STRATCOM Boss Touts Value of Bomber Task Forces: ‘Everyone Likes a Bomber in Their Region’

OMAHA, Neb.—The U.S. Air Force’s Bomber Task Forces have become an increasingly important way of reassuring allies who depend on the American nuclear umbrella, as well as a major tool for power projection, the head of America’s strategic forces said Aug. 16.

“It seems as though everyone likes to have a bomber in their region,” Air Force Gen. Anthony J. Cotton told reporters at U.S. Strategic Command’s annual deterrence symposium. “It shows our resolve in showing that extended deterrence is alive and well when it comes to the United States.”

China’s growing nuclear arsenal, North Korea’s burgeoning nuclear program, and Russia’s nuclear modernization program have worried the U.S.’s non-nuclear allies who depend on Washington for their protection. 

The U.S. has relied in part on diplomacy to try to assuage those fears. In April, for example, South Korea President Yoon Suk Yeol concluded an accord with President Joe Biden that reaffirmed that the U.S. is prepared to use nuclear weapons to defend South Korea. In return, Seoul restated its commitment not to develop its own nuclear arsenal. 

But Bomber Task Force deployments, which can last weeks or even months, use just a few aircraft to provide a tangible reminder of America’s security commitments. 
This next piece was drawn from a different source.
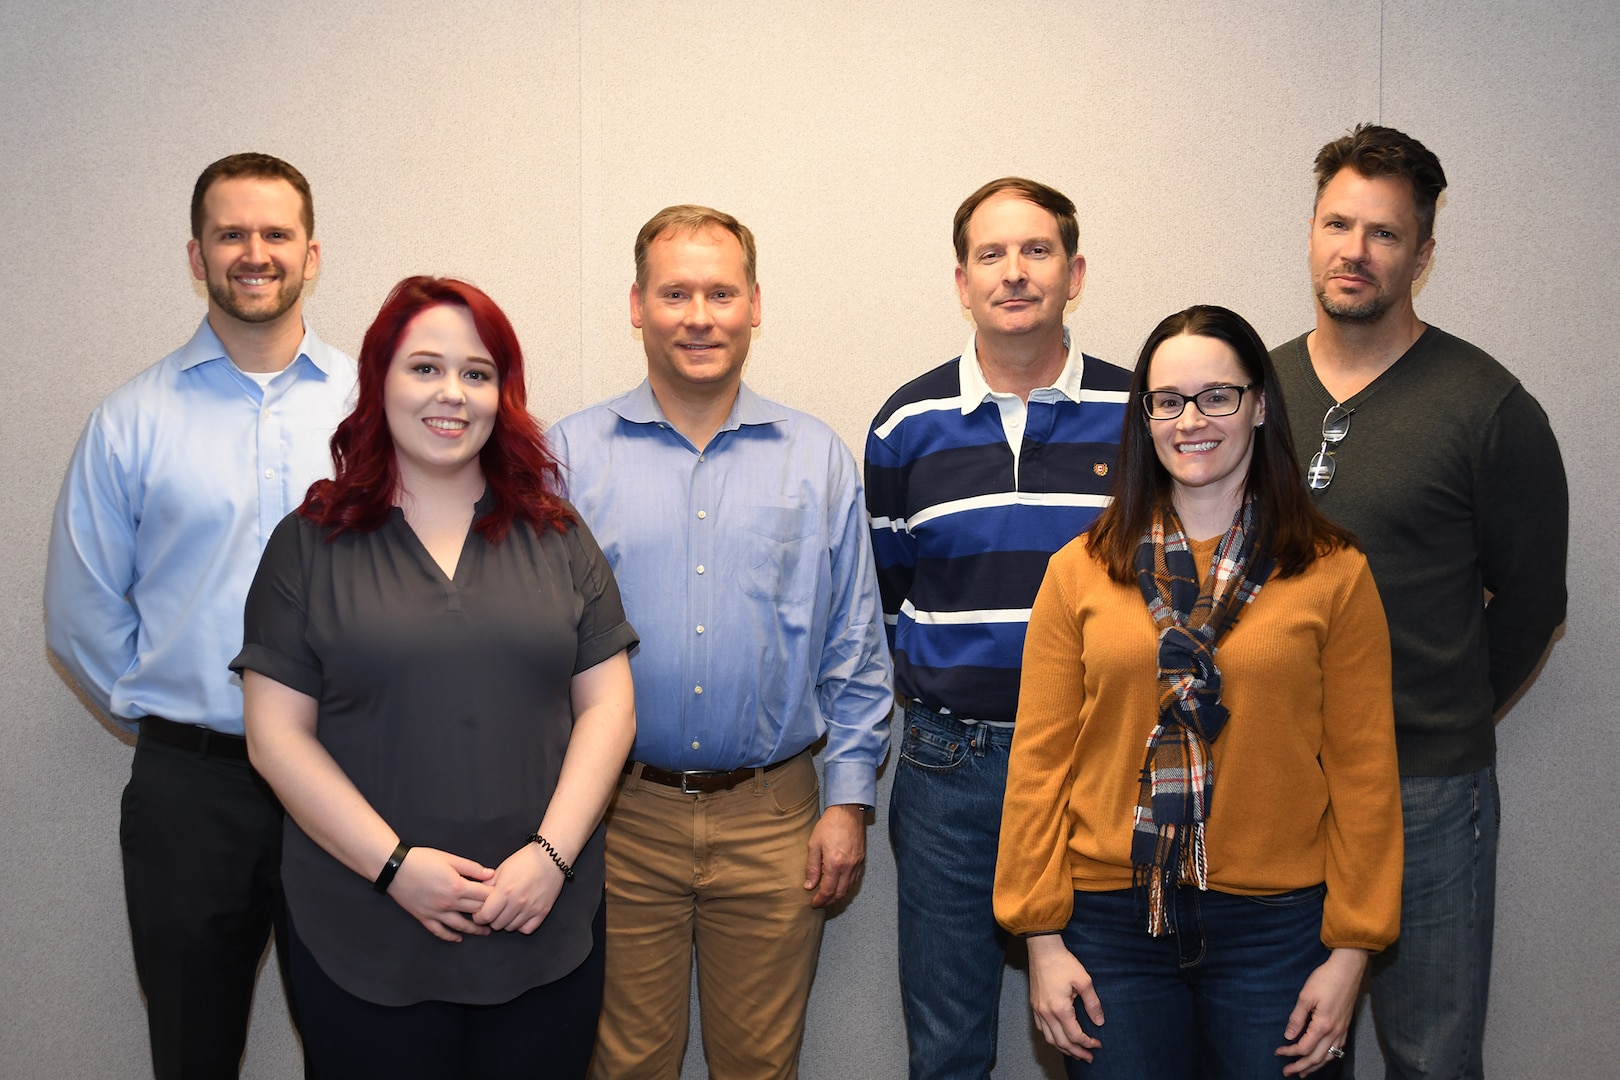 Six members of the Government Furnished Equipment Agnostic Software Team pose for a photo. The 20 member team received the Award of Merit for Group Achievement for their work to deliver quality software products for use in laser weapon systems. Team members include Teresa Berra, James Bohannon, Taylor Evelyn, David Fedorchak, Jr., Donald Fogler, Mark Glass, Kaela Gosdzinski, John Jahn, Thomas Lackert, Jr., James Latourell, Van Le, Jean Levy, Chris Meyer, Melissa Olson-Phipps, David Pritchett, Barry Ross, Eric Schroeder, Zachary Sherrod, Yong Shin, and Elliott Sperlazza. Pictured: FRONT ROW (left to right): Kaela Gosdzinski, Melissa Olson-Phipps BACK ROW (left to right): Eric Schroeder, Mark Glass, Jim Latourell, David Fedorchak Jr.

B-2s from Whiteman Air Force Base, Mo., recently embarked on their first overseas mission since a roughly six-month safety pause that ended earlier this summer, deploying to Iceland and already flying over the Arctic Ocean. Meanwhile, B-1s deployed to Europe this summer, flying from the Baltics to the Balkans and firing a JASSM long-range cruise missile on a range in the Middle East.

The B-52s, which are over 60 years old, operated out of Indonesia for the first time in June, and are currently deployed to Andersen Air Force Base, Guam.

“It shows that while we’re going to have legacy systems, the readiness of those legacy systems is alive and well,” Cotton said.

Last month, the U.S. had B-1s and B-52s in the Indo-Pacific at the same time on different Bomber Task Force missions.

“In terms of our allies and partners, let’s not forget, it’s not just about the nuclear umbrella, the extended deterrence umbrella, it’s about the conventional capability that this nation wields,” said Air Force Maj. Gen. John Nichols, the director of operations for STRATCOM. “I define it as showing up at a time and place of our choosing, when we want to, how we want to, in good coordination with our allies, and in the geographic combatant commands to maximize the effect.”

Bomber Task Forces, which began in 2018, have replaced permanently deployed bombers overseas and have been held up by Pentagon officials as a way to operate with more flexibility while being less predictable. 

“The number of bombers that we’ve had actively out on Bomber Task Force missions across the globe is extraordinary—over a dozen at one point in time, almost every geographic combatant commander was being affected,” Nichols said.

“It shows the strategic reach that we have,” Cotton added.